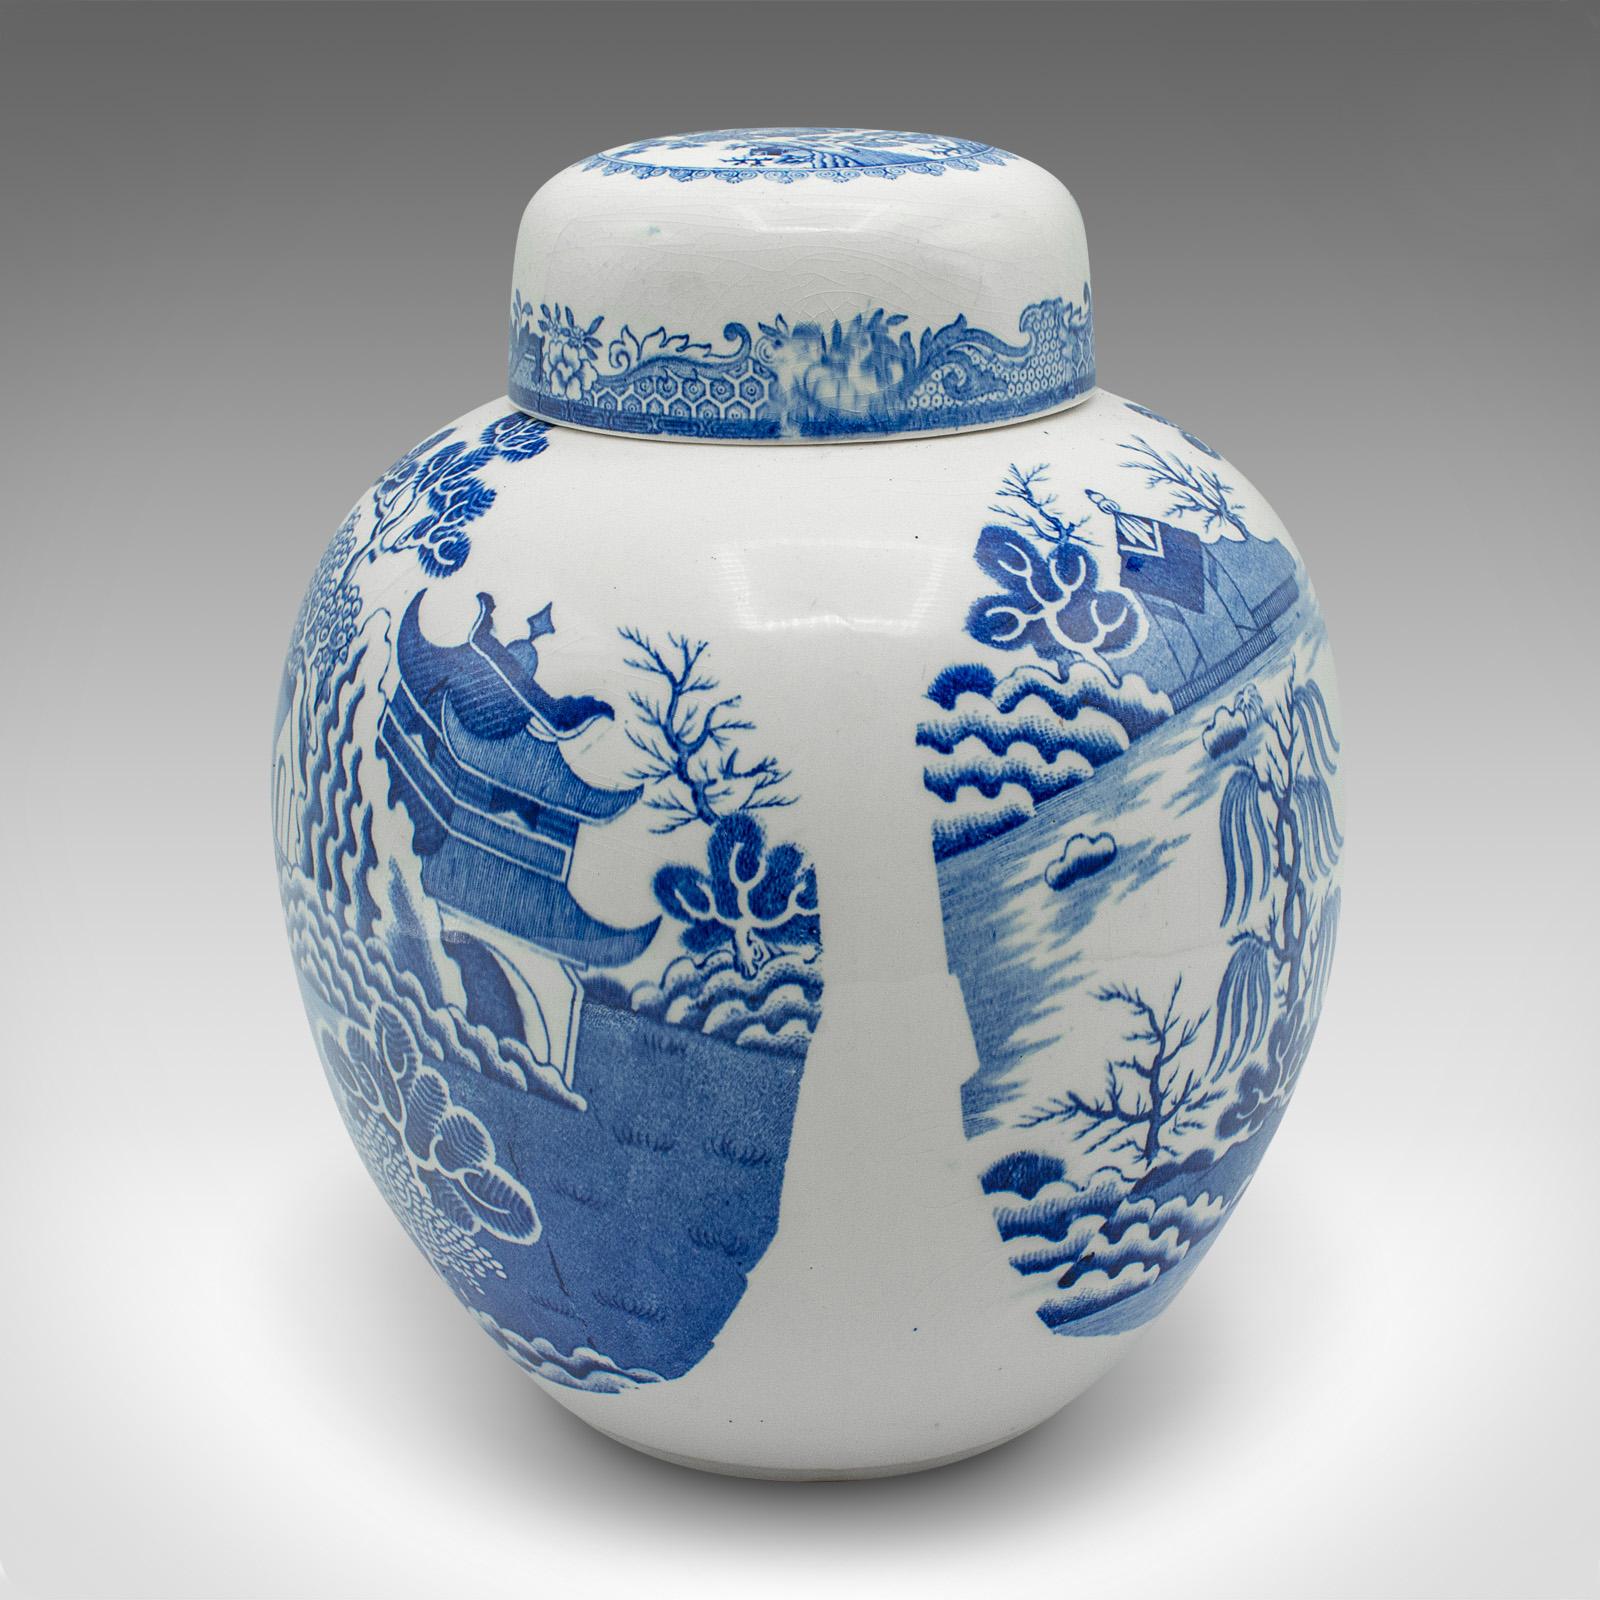 British Vintage Ginger Jar, English, Ceramic, Decorative Spice Urn, Blue and White, 1970 For Sale
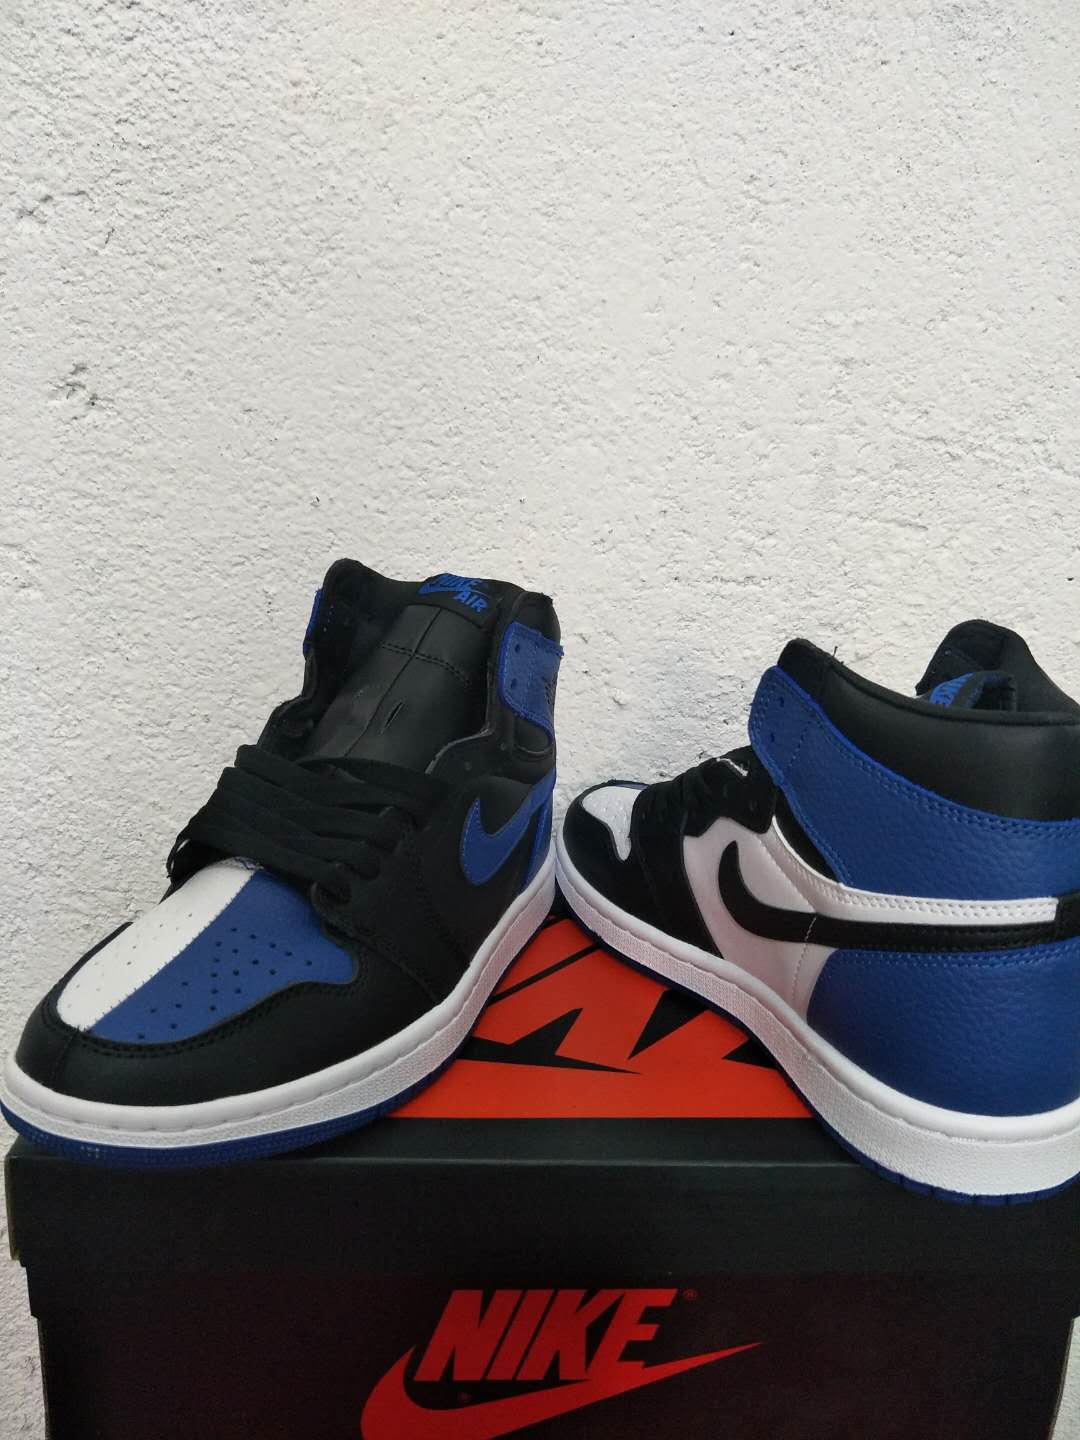 New Air Jordan 1 Clown Blue Black White Shoes - Click Image to Close
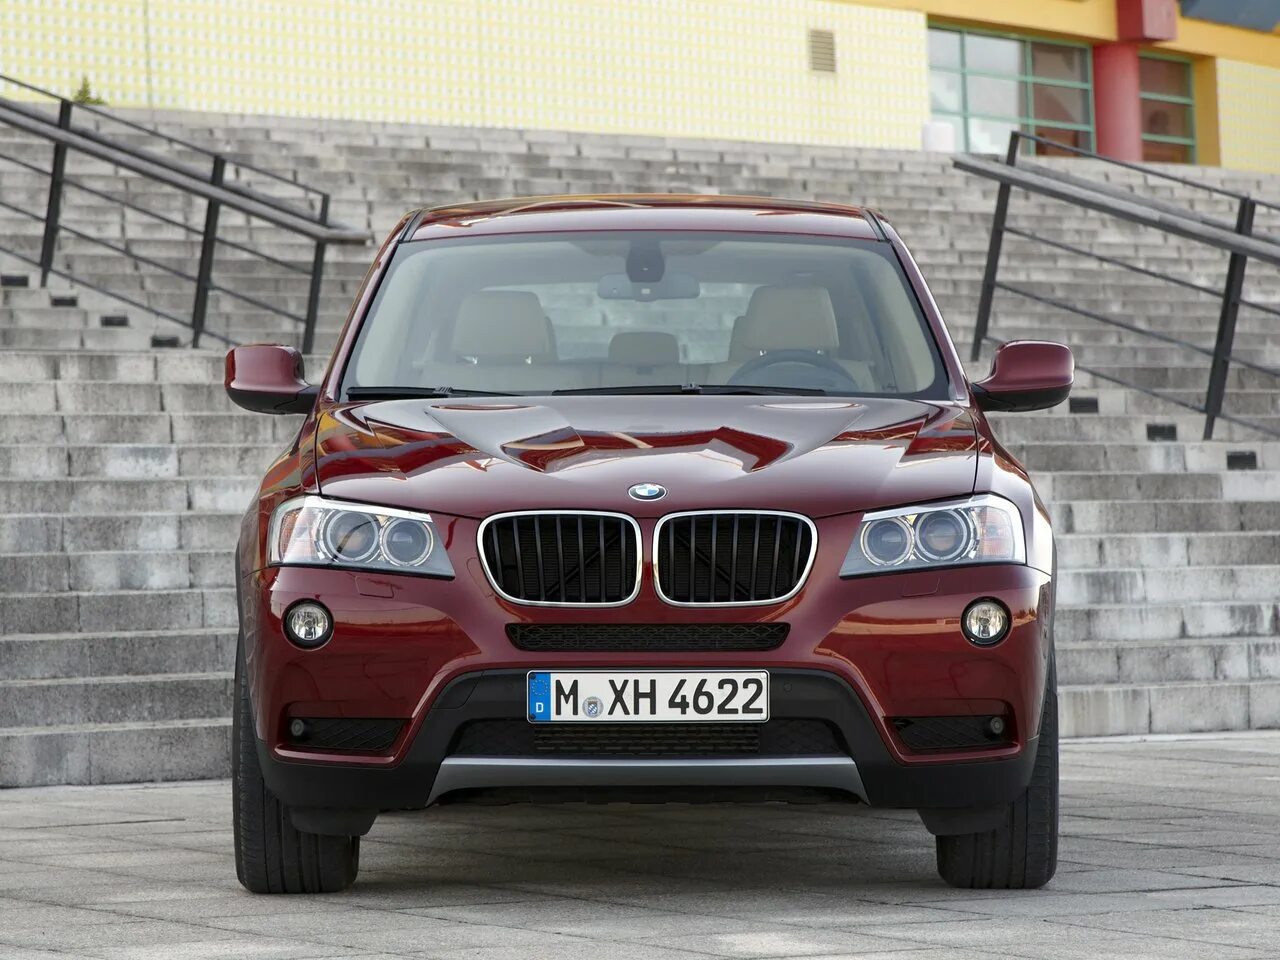 BMW x3 f25. BMW x3 II (f25). BMW x3 красная. BMW x3 xdrive20d. Бмв х3 полный
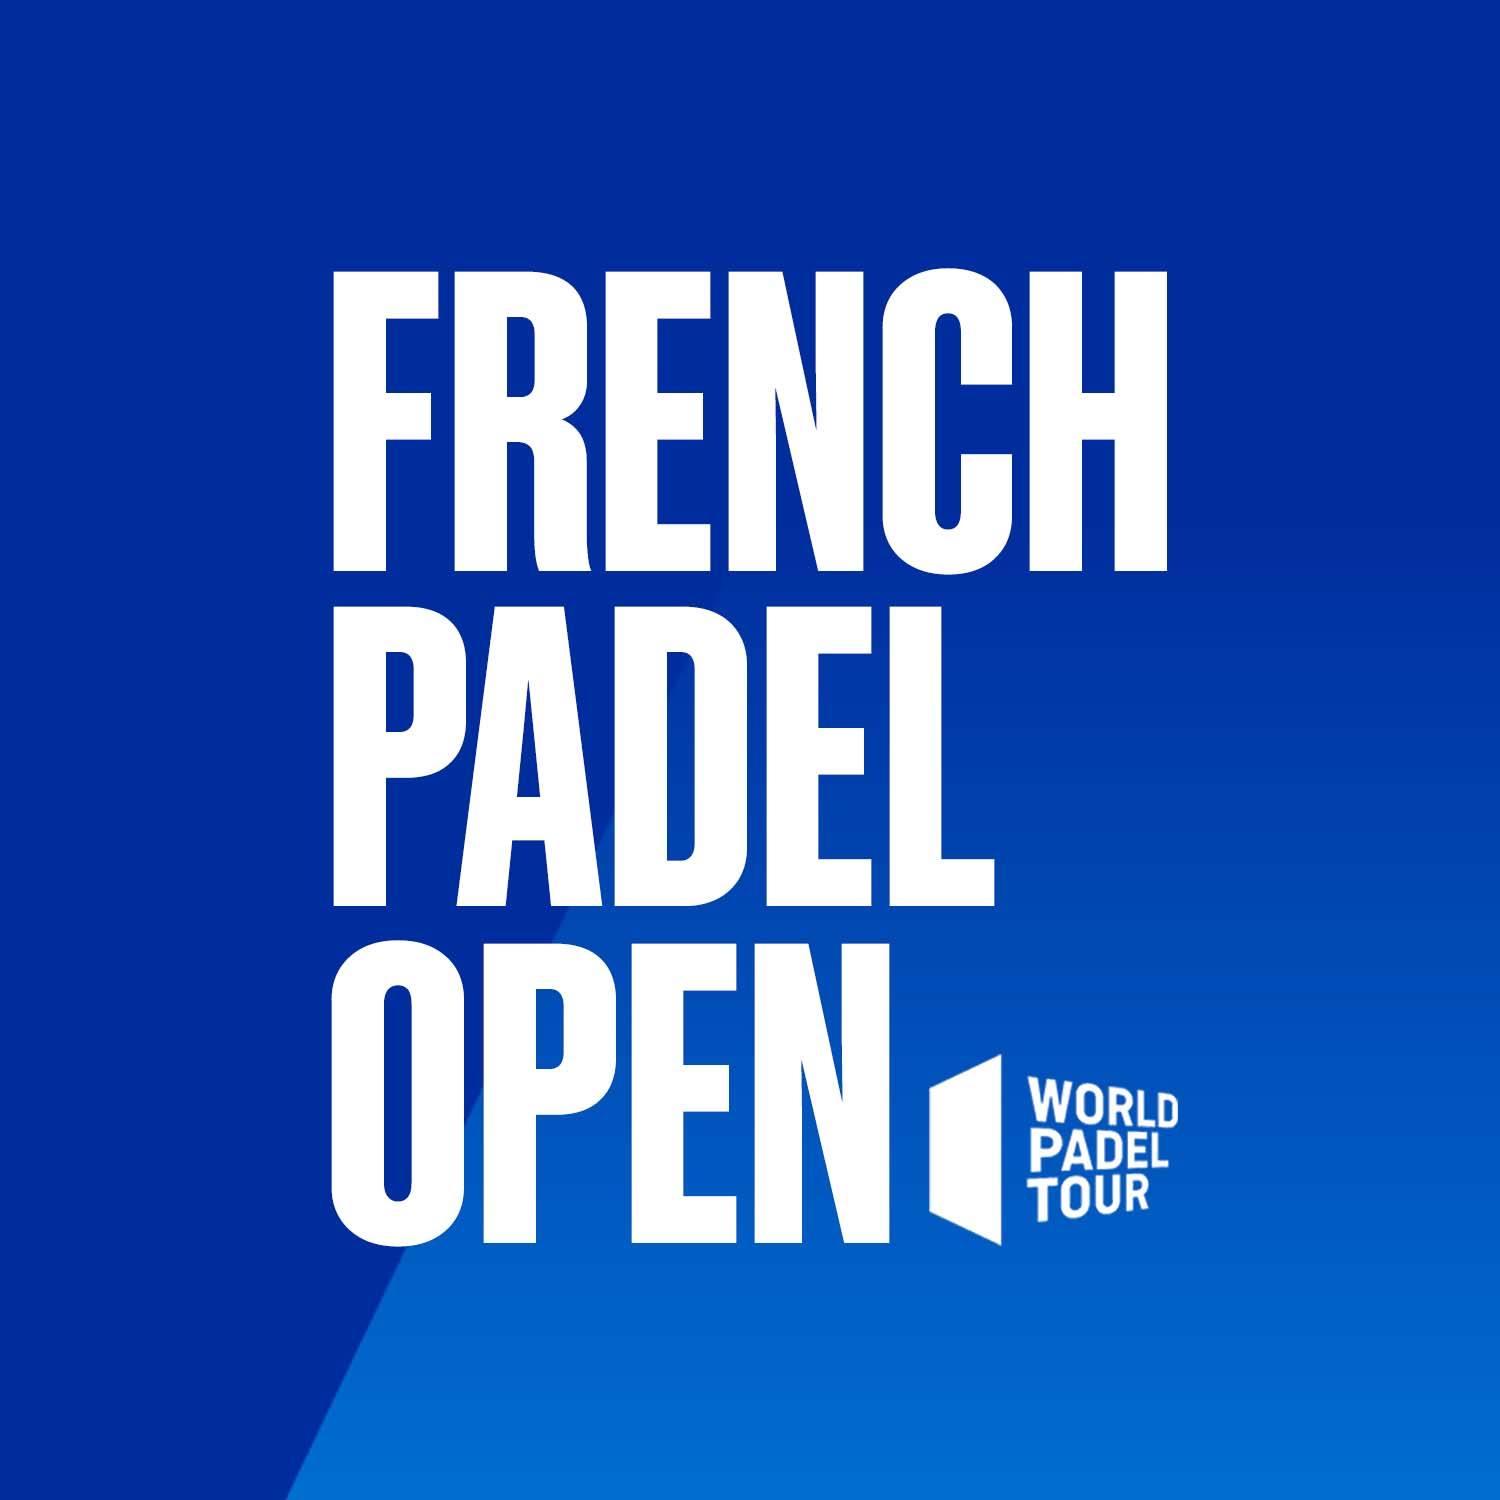 World Padel Tour 全仏オープン：チケットオフィスが間もなくオープンします

- - -

WHAT YOU ARE ASKED TO DO. Print the material again, unchanged, without its pictures.

REPLY TO THE EXERCISE.
 British Vintage Ginger Jar, English, Ceramic, Decorative Spice Urn, Blue and White, 1970 For Sale
 New Air Jordan 1 Clown Blue Black White Shoes - Click Image to Close
 BMW x3 f25. BMW x3 II (f25). BMW x3 красная. BMW x3 xdrive20d. Бмв х3 полный
 World Padel Tour 全仏オープン：チケットオフィスが間もなくオープンします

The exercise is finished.